Given material.
_ _ _ _ _ _ _

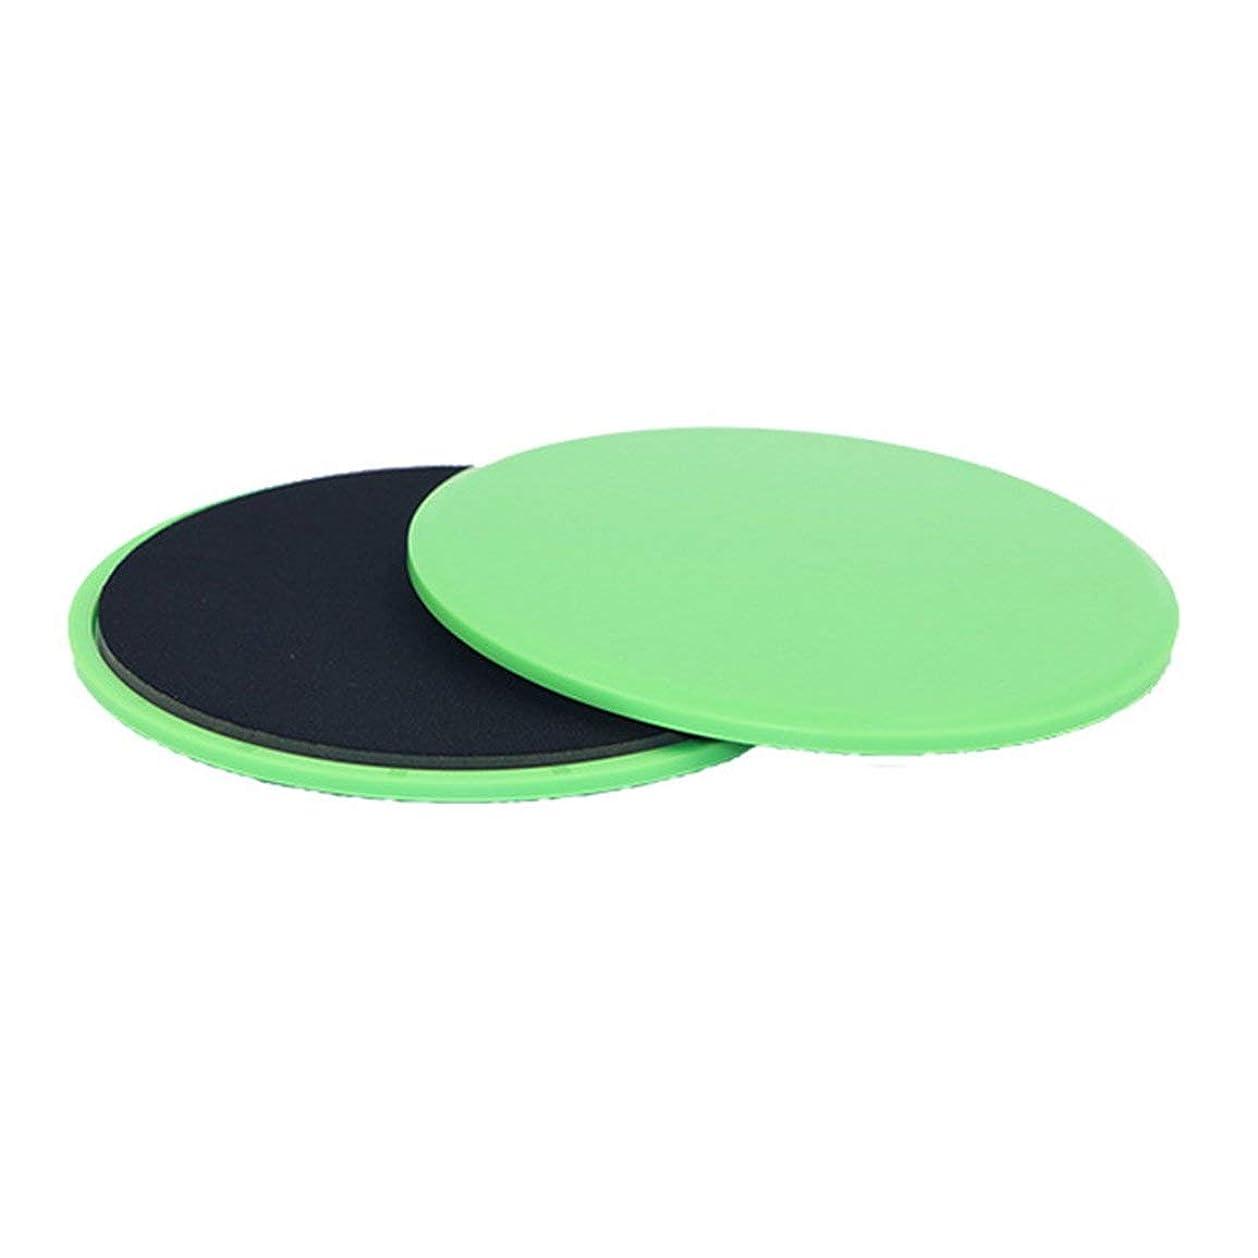 談話アーティキュレーション柱フィットネススライドグライディングディスクコーディネーション能力フィットネスエクササイズスライダーコアトレーニング用腹部と全身トレーニング - グリーン
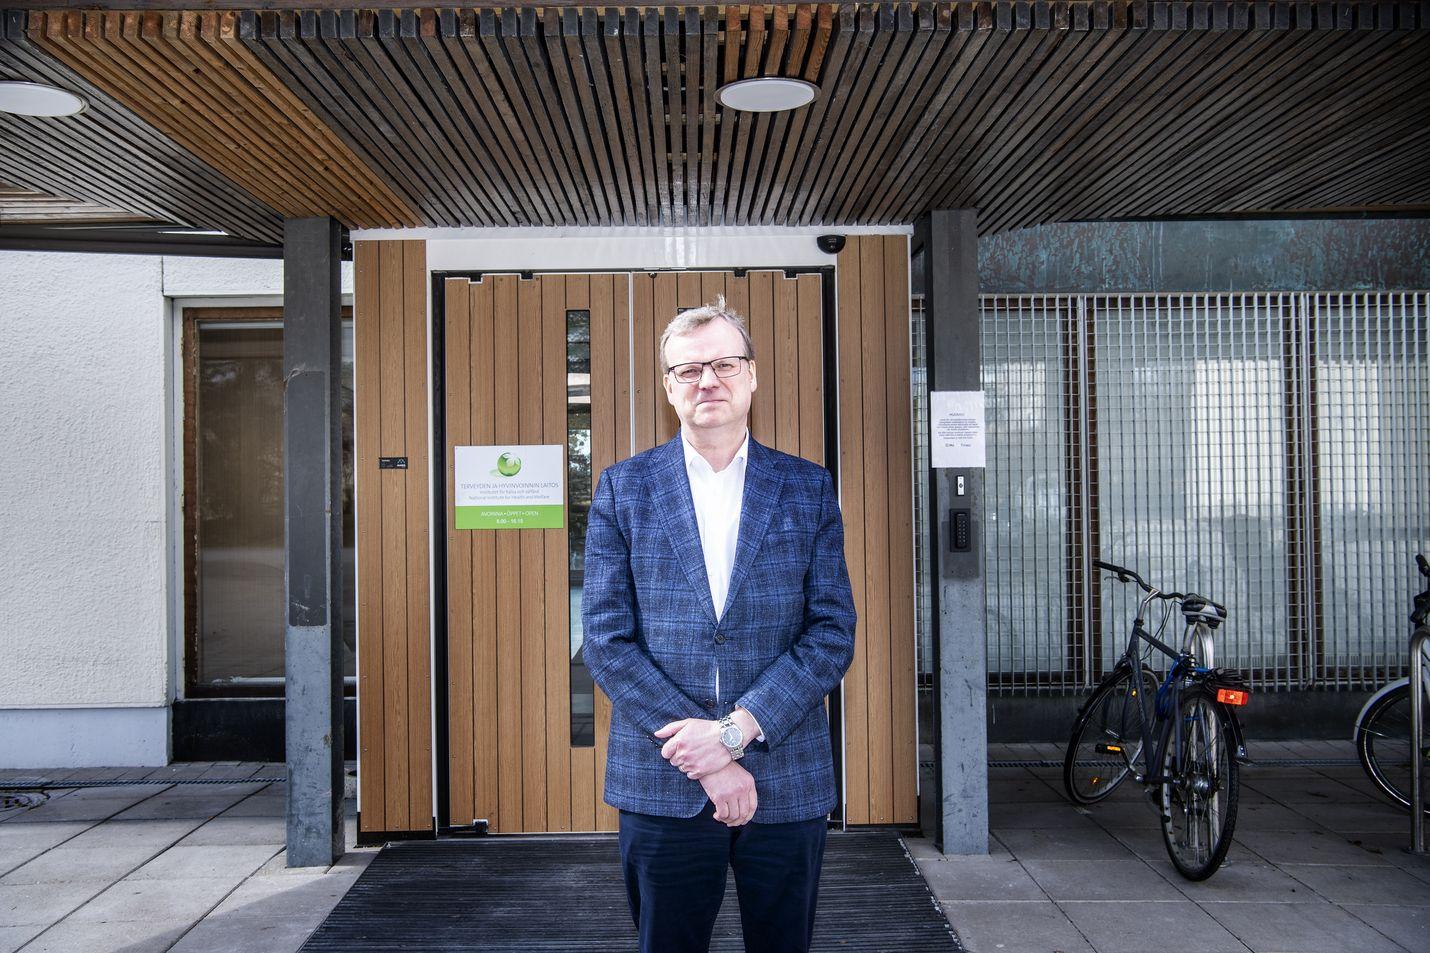 THL:n pääjohtaja Markku Tervahauta on optimistinen. Tartuntojen ja hoitoa tarvitsevien määrä voi kääntyä laskuun muutamissa viikoissa, jos epidemia kehittyy kuten Norjassa.
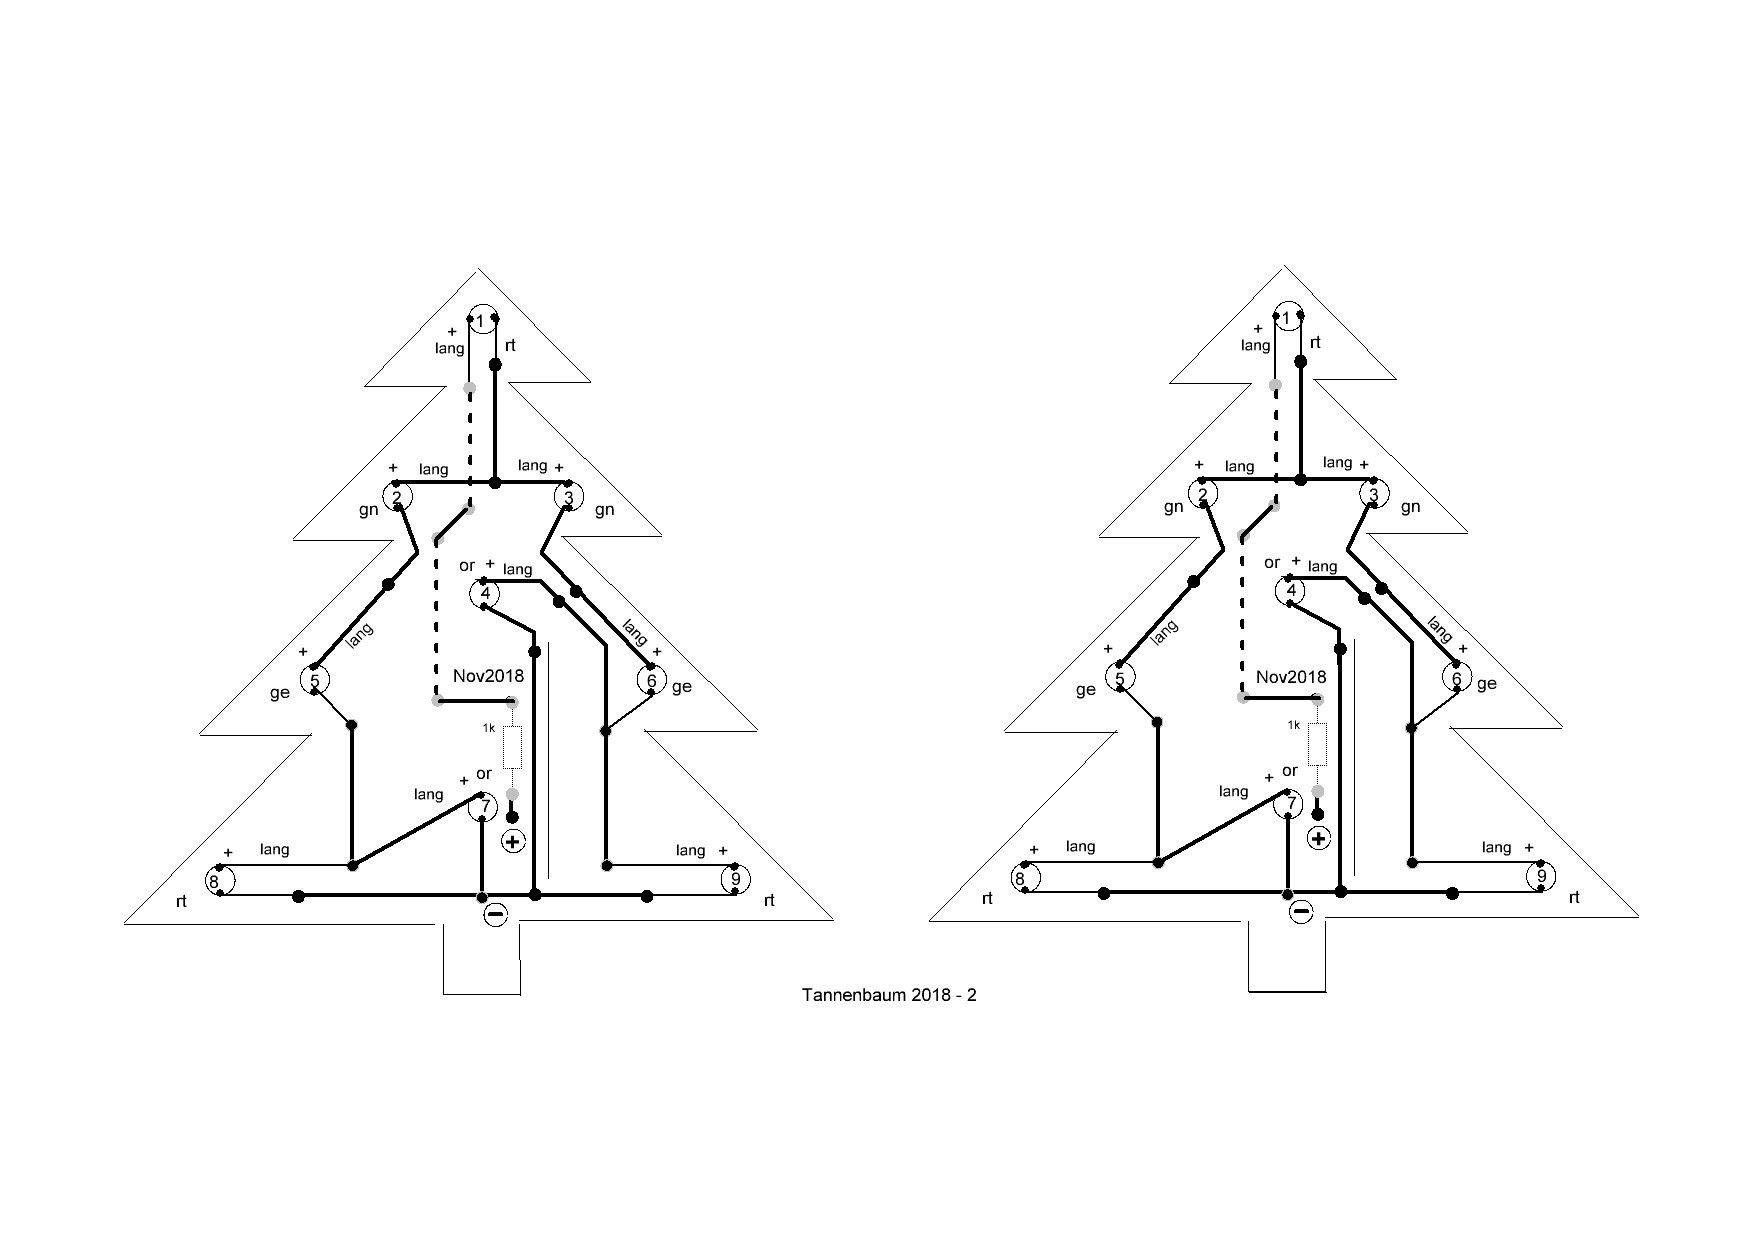 malvorlagen tannenbaum text  amorphi
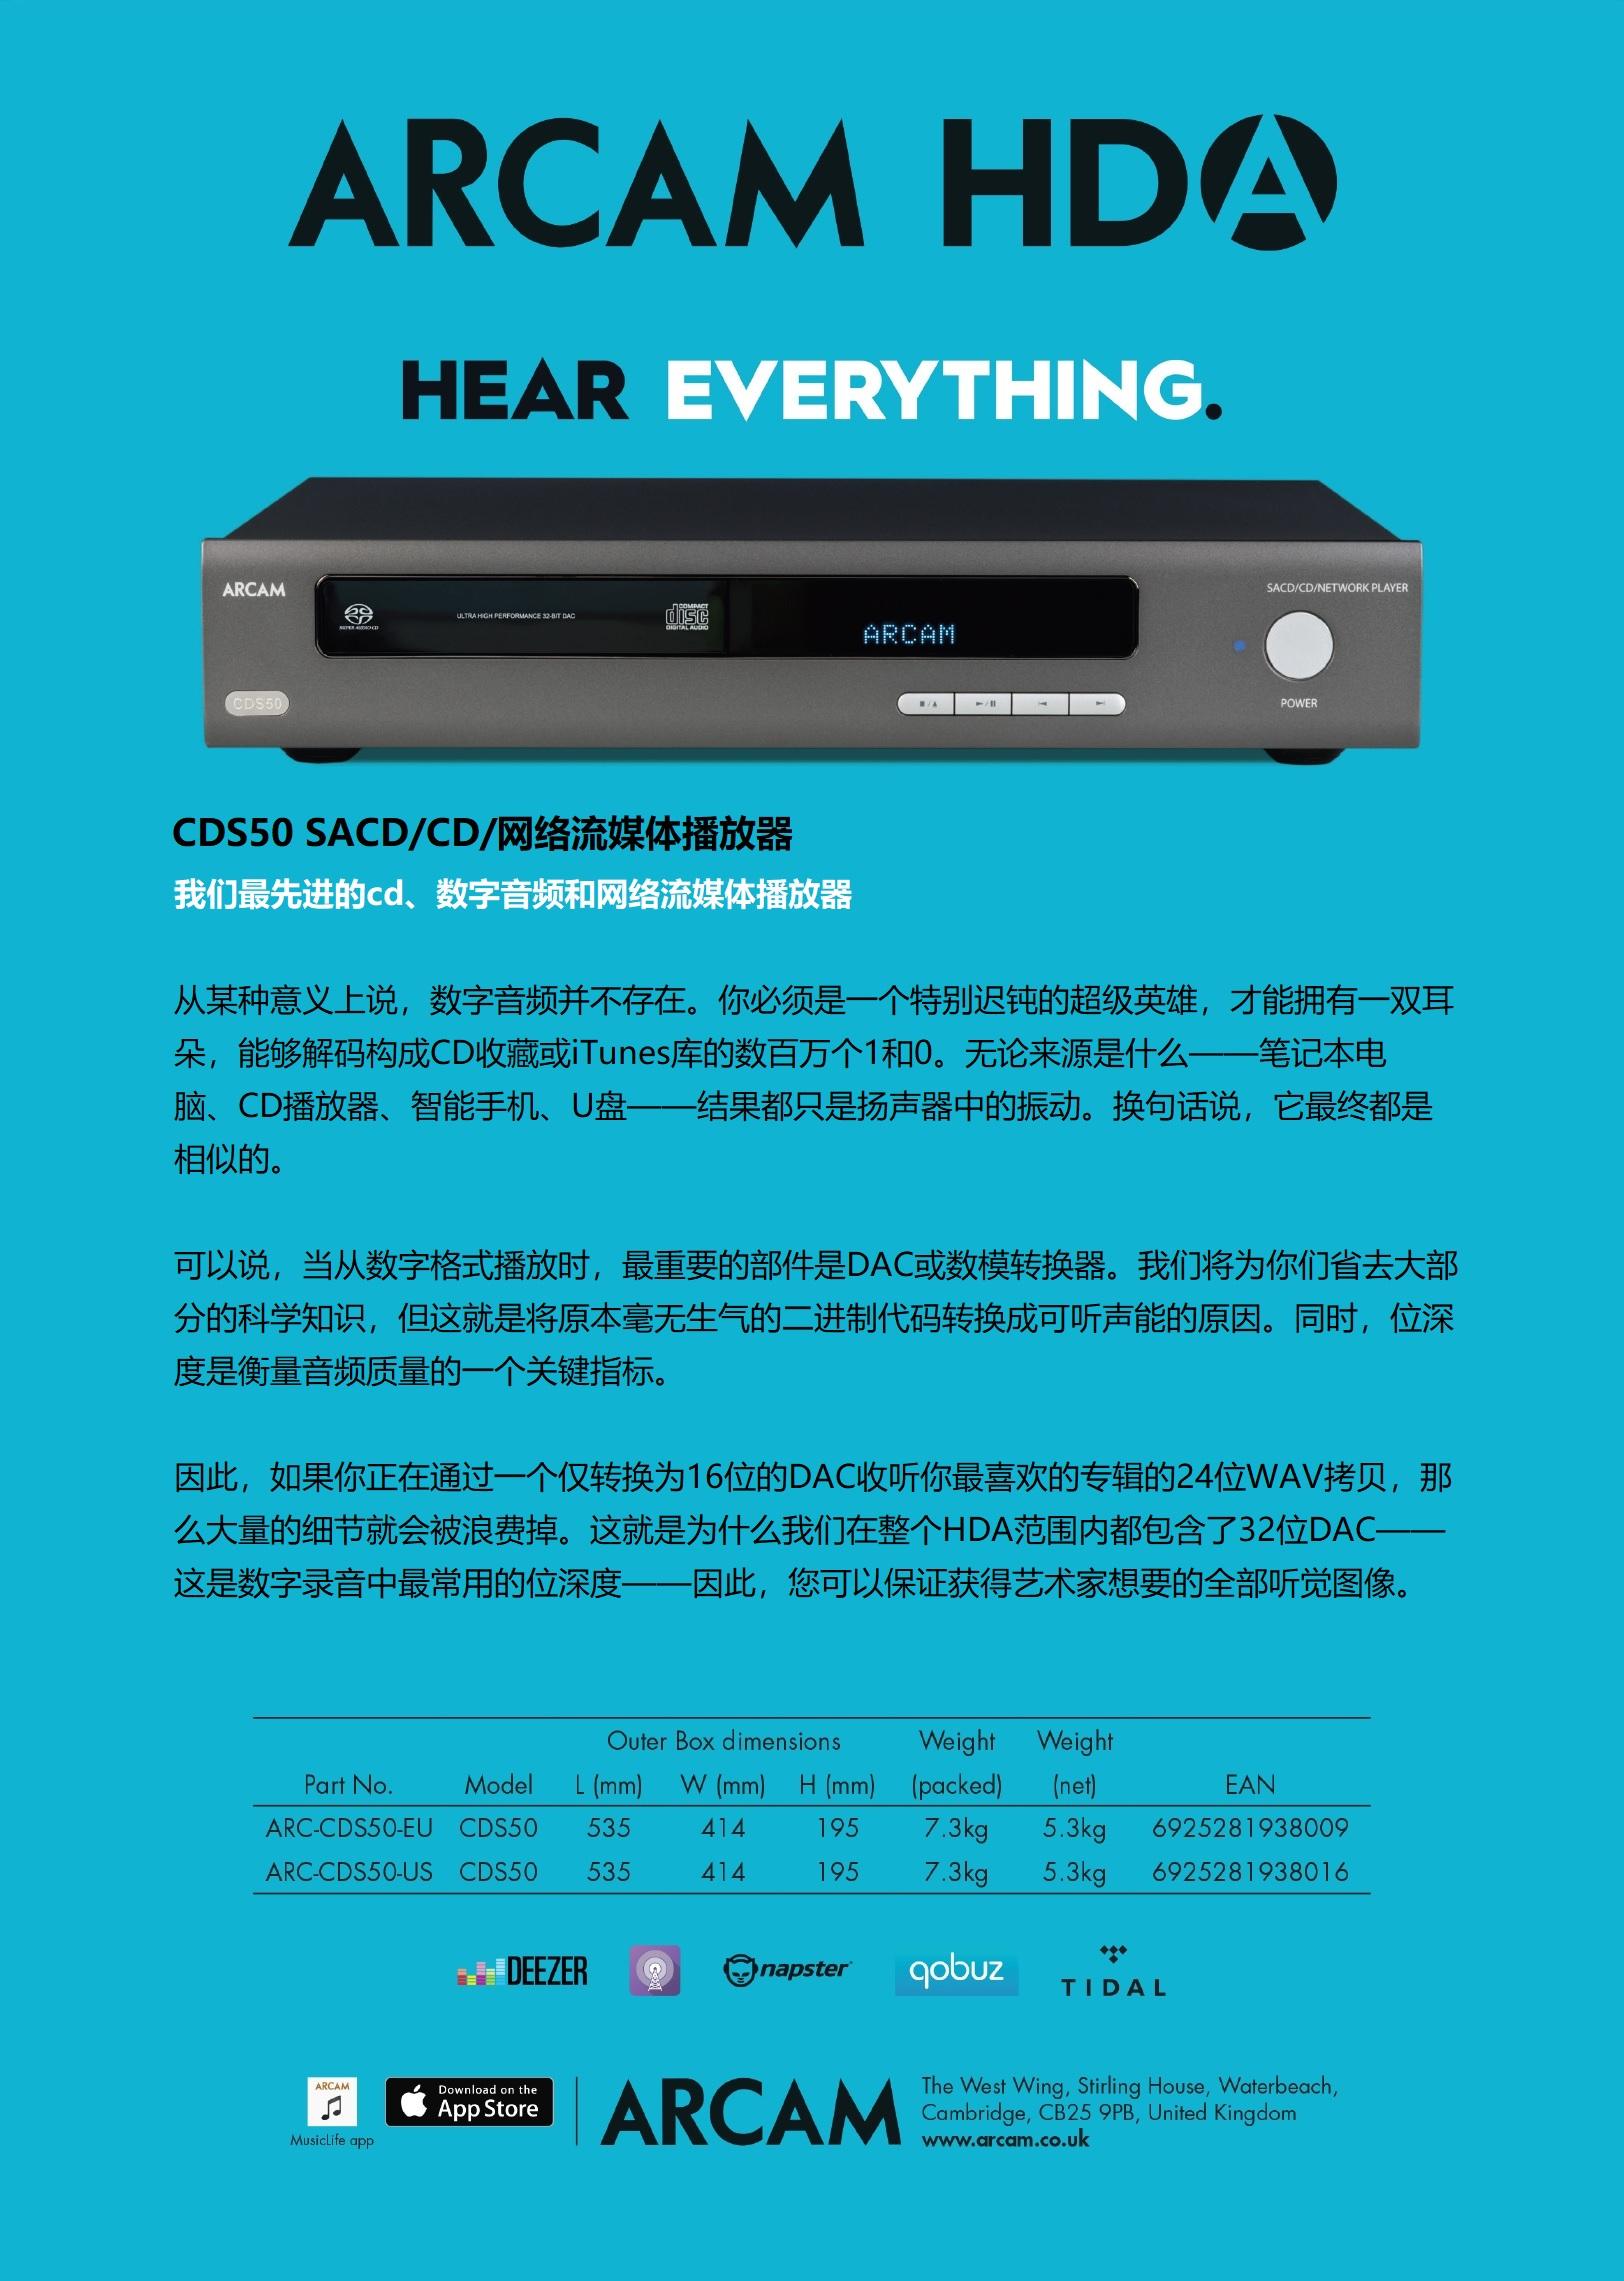 CDS50 SACD/CD/网络流媒体播放器

_ _ _ _ _ _ _

Restate every line of the data above word for word, with the images removed.

Result.
 談話アーティキュレーション柱フィットネススライドグライディングディスクコーディネーション能力フィットネスエクササイズスライダーコアトレーニング用腹部と全身トレーニング - グリーン
 THL:n pääjohtaja Markku Tervahauta on optimistinen. Tartuntojen ja hoitoa tarvitsevien määrä voi kääntyä laskuun muutamissa viikoissa, jos epidemia kehittyy kuten Norjassa.
 malvorlagen tannenbaum text  amorphi
 CDS50 SACD/CD/网络流媒体播放器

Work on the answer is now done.